In this case as well, plaintiffs will not be allowed to ignore the individual actors and proceed directly against the corporate employer. Because the negligence complained of consists of the actions or inactions of health care professionals, Red Cross and Memorial may take advantage of the statute of limitation defense which is available to those individuals. This resolution comports with the policy considerations put forth by the defendants. In essence, it treats these independent blood banks the same as a blood bank affiliated with a hospital would be treated and it recognizes the important place and function of blood banks in our state's overall health care system.

Plaintiffs' final argument is that even if section 541.07(1) applies, a rule similar to that set out in DeCosse v. Arm- *1077 strong Cork should be used to toll the statute of limitations in HIV-AIDS cases. The court acknowledges that Patty Kaiser may have had no reason to suspect she had contracted the HIV within two years of her transfusion.

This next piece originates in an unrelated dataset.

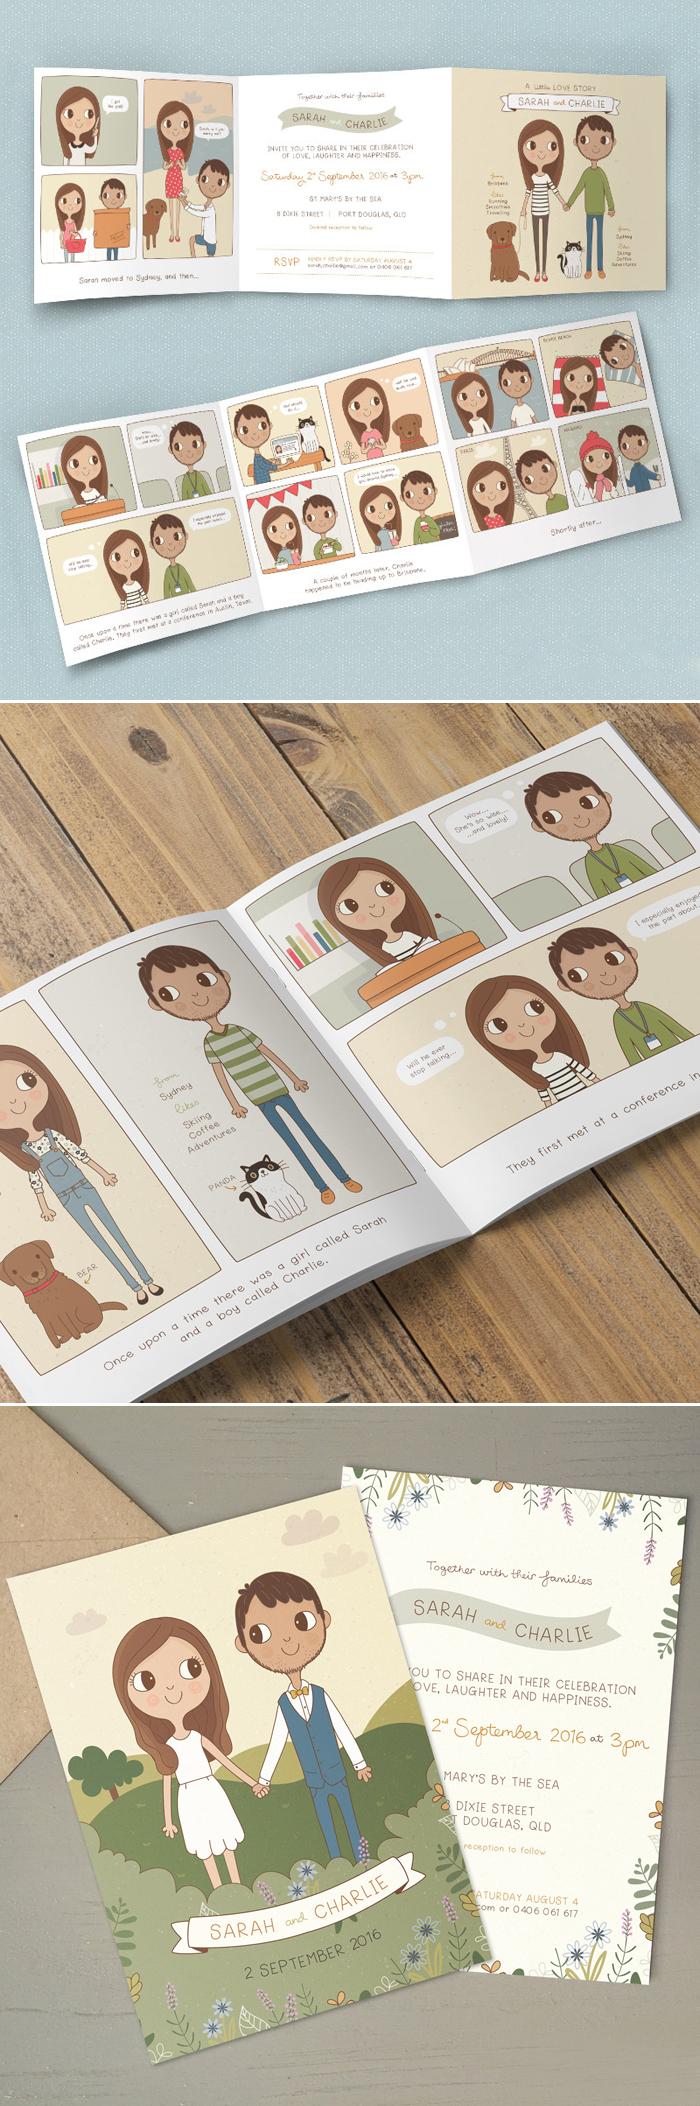 invitationillustrator02-ClareVacha

The court is also mindful of the severity of Patty Kaiser's injuries and the worry and suffering she may endure in the future through no fault of her own. It is only normal to desire to help and give some recompense to the Kaisers in an attempt to ease their suffering. Nonetheless, the general rule in Minnesota is that the statute of limitations begins to run for a malpractice claim when treatment is terminated. Johnson v. Winthrop Laboratories, 291 Minn. 145, 190 N.W.2d 77 (1971). This court cannot graft an exception onto this longstanding rule when Minnesota courts have not done so. The court must, therefore, use the general Minnesota termination of treatment rule for statute of limitation purposes. The treatment rendered Ms. Kaiser terminated in November of 1984. Accordingly, plaintiffs' action commenced in September of 1988 is time barred according to Minn.Stat. § 541.07(1).

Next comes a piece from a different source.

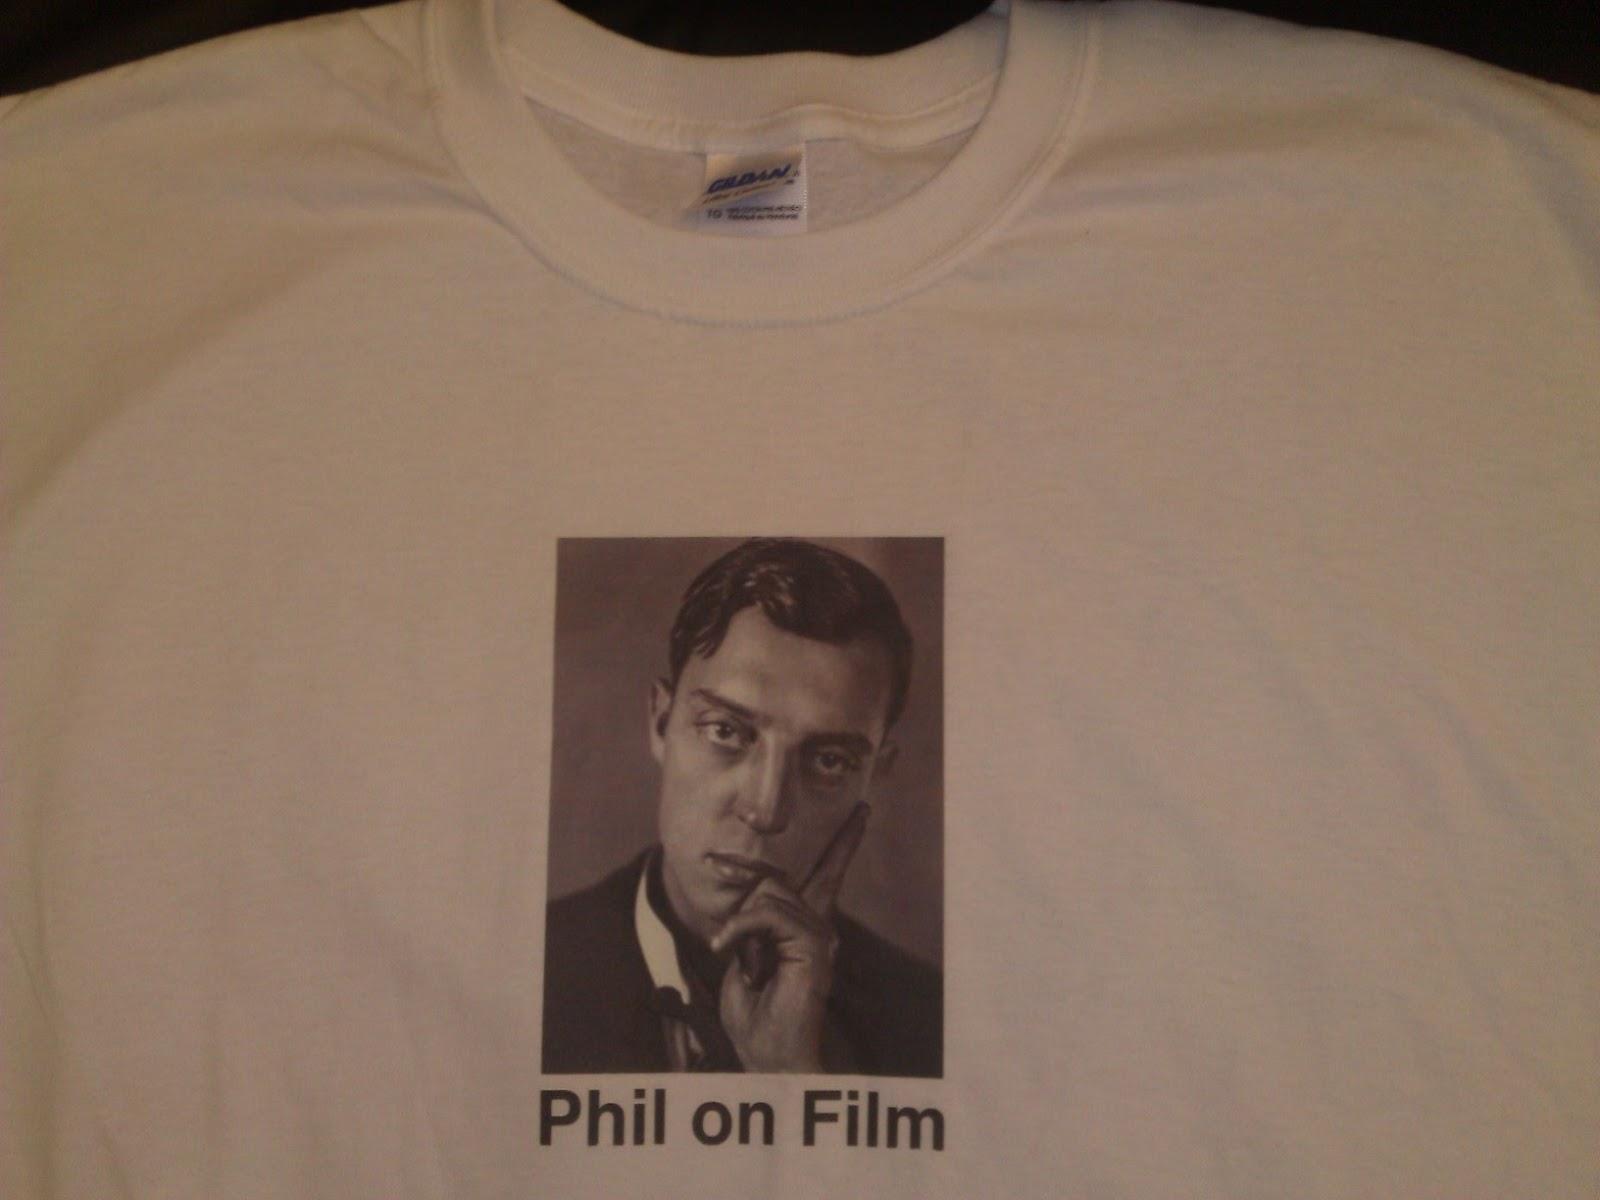 http://3.bp.blogspot.com/-SW-DwZs9XuA/UMzFQlnMD2I/AAAAAAAABxo/wZFXol3tfzQ/s1600/Shirt.jpg
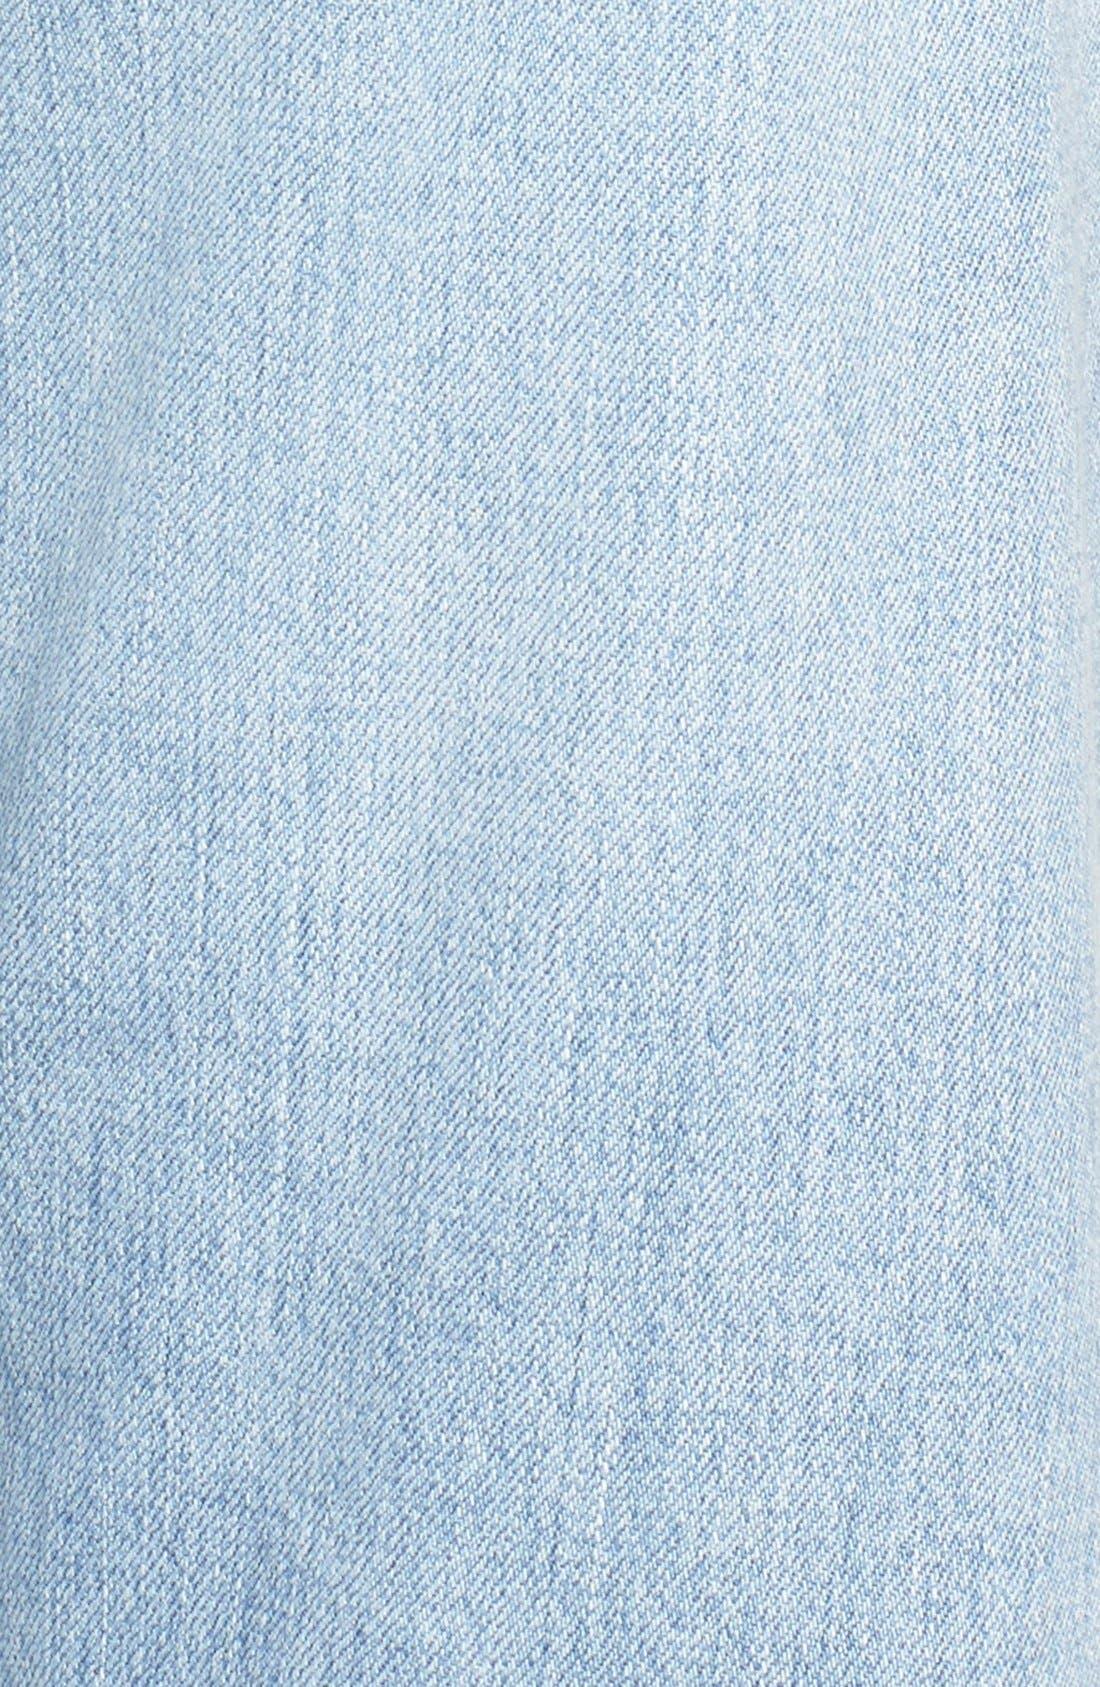 Cora High Waist Released Hem Boyfriend Jeans,                             Alternate thumbnail 6, color,                             454

Given the court's decision on the statute of limitation question, it is unnecessary to discuss Memorial's summary judgment motion regarding the negligence claim.

Based on the foregoing, the oral arguments of counsel, and the entire file as presently constituted,

IT IS HEREBY ORDERED That:

1. Defendant American National Red Cross's motion for summary judgment is GRANTED;

2. Defendant Memorial Blood Center of Minneapolis's motion for summary judgment on the issue of the statute of limitations is GRANTED;

3. The Clerk of Court is directed to enter judgment as follows:

 
IT IS HEREBY ORDERED, ADJUDGED, AND DECREED That plaintiffs' complaint against the American National Red Cross and Memorial Blood Center of Minneapolis is dismissed in its entirety and with prejudice and that plaintiffs Patty C. and James Kaiser have and recover nothing by their action.
NOTES

[1] Chapters 147 and 148 referred to are the licensing provisions for physicians, surgeons, osteopaths, chiropractors, registered nurses, midwives, optometrists, physical therapists, and psychologists.

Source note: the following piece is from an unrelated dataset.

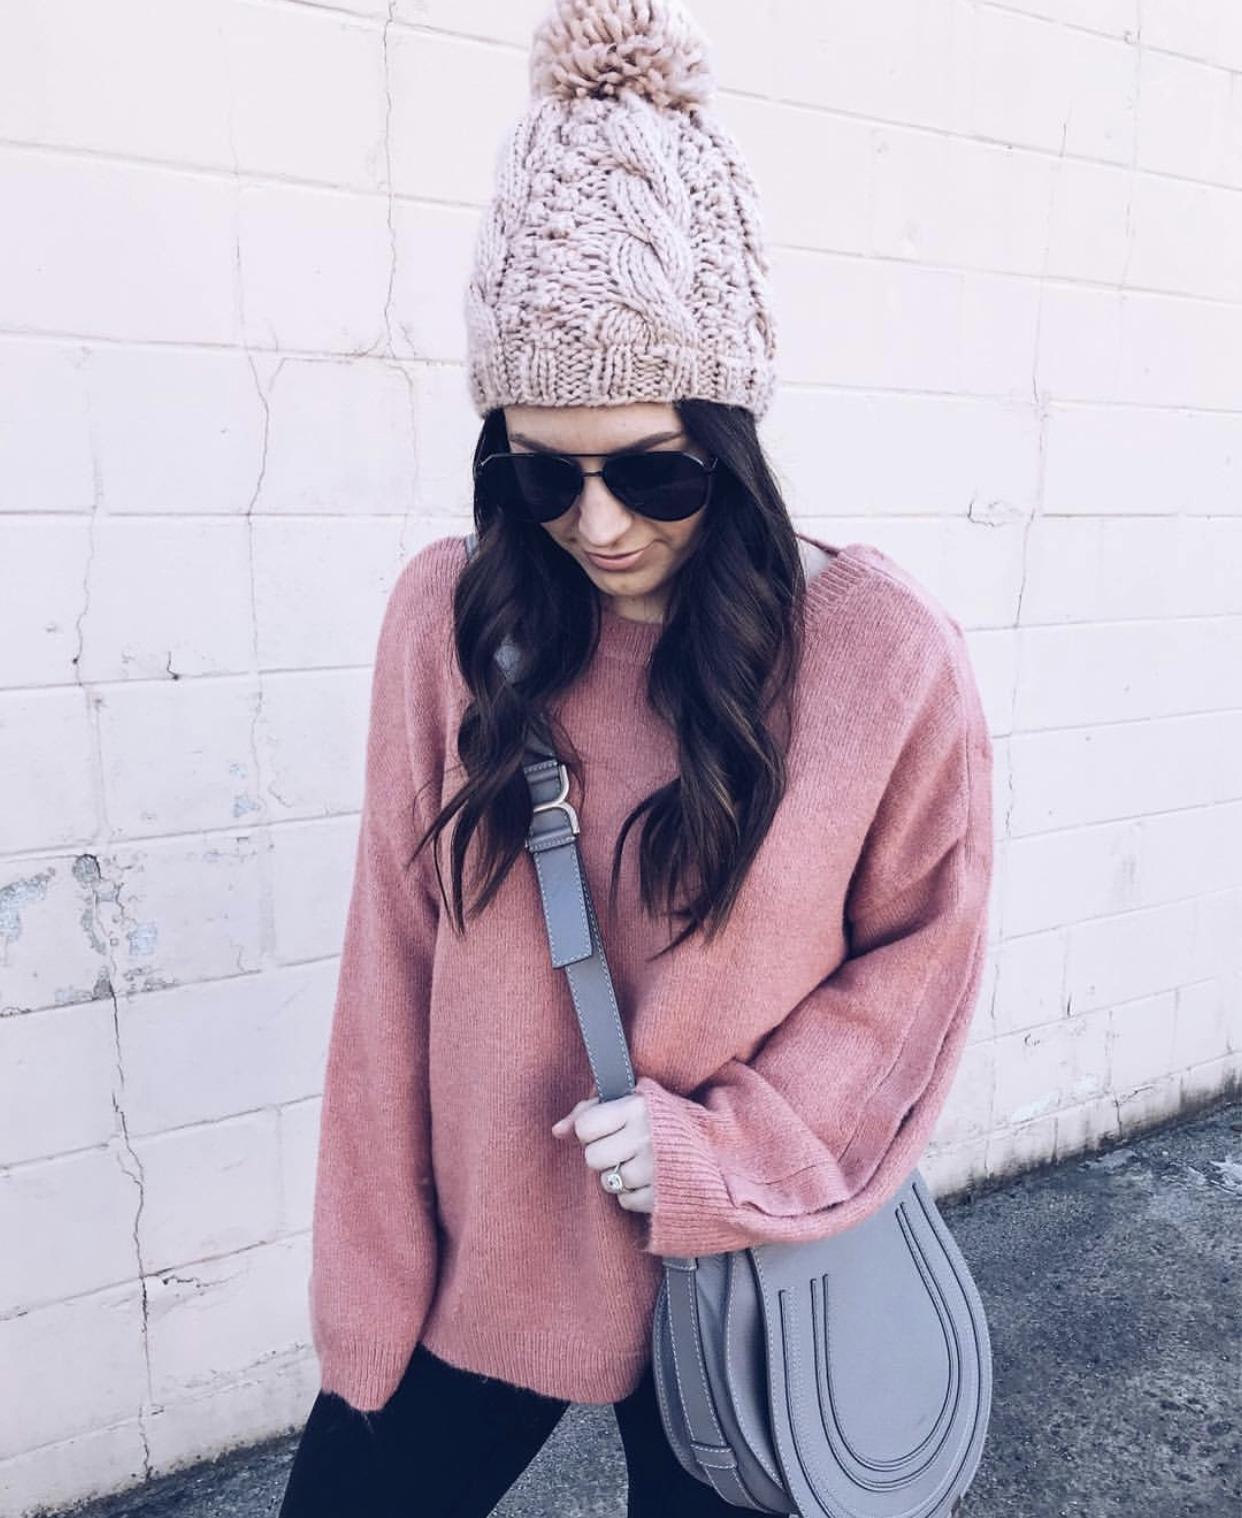 Chloé Marcie Medium Leather Crossbody Bag Review | Pine Barren Beauty | designer handbag review, must have designer bag, Chloé bag

[2] Section 541.07(1) specifically refers to "health care professionals" as defined in section 145.61. What is troublesome about this referral is that the entire term "health care professional" is not defined in section 145.61. "Professional" is defined in subdivision 2, and refers to individuals. "Health care" is defined in subdivision 4, and refers to a service or an act. It is impossible to just combine these two definitions to define a "health care professional." However, when reading sections 541.07(1) and 145.61 together, one can come up with a sense of what was intended. Section 541.07(1) first refers to "physicians, surgeons, dentists, other health care professionals ... and veterinarians." Physicians, surgeons, dentists, and veterinarians are all individuals. After "veterinarian" are listed hospitals and sanitariums, which are institutions. From its placement alone therefore, it would appear that "other health care professionals" also refers to individuals, in this case the individuals referred to in section 145.61(2).

[3] This last contention is belied by the fact that plaintiffs premise their entire allegations on the fact that blood banks have a duty to the possible recipients of the blood or blood products. The allegation of duty points to the fact that blood banks do have a relationship with the recipients of their products, even without direct contact between the blood bank and the eventual recipient.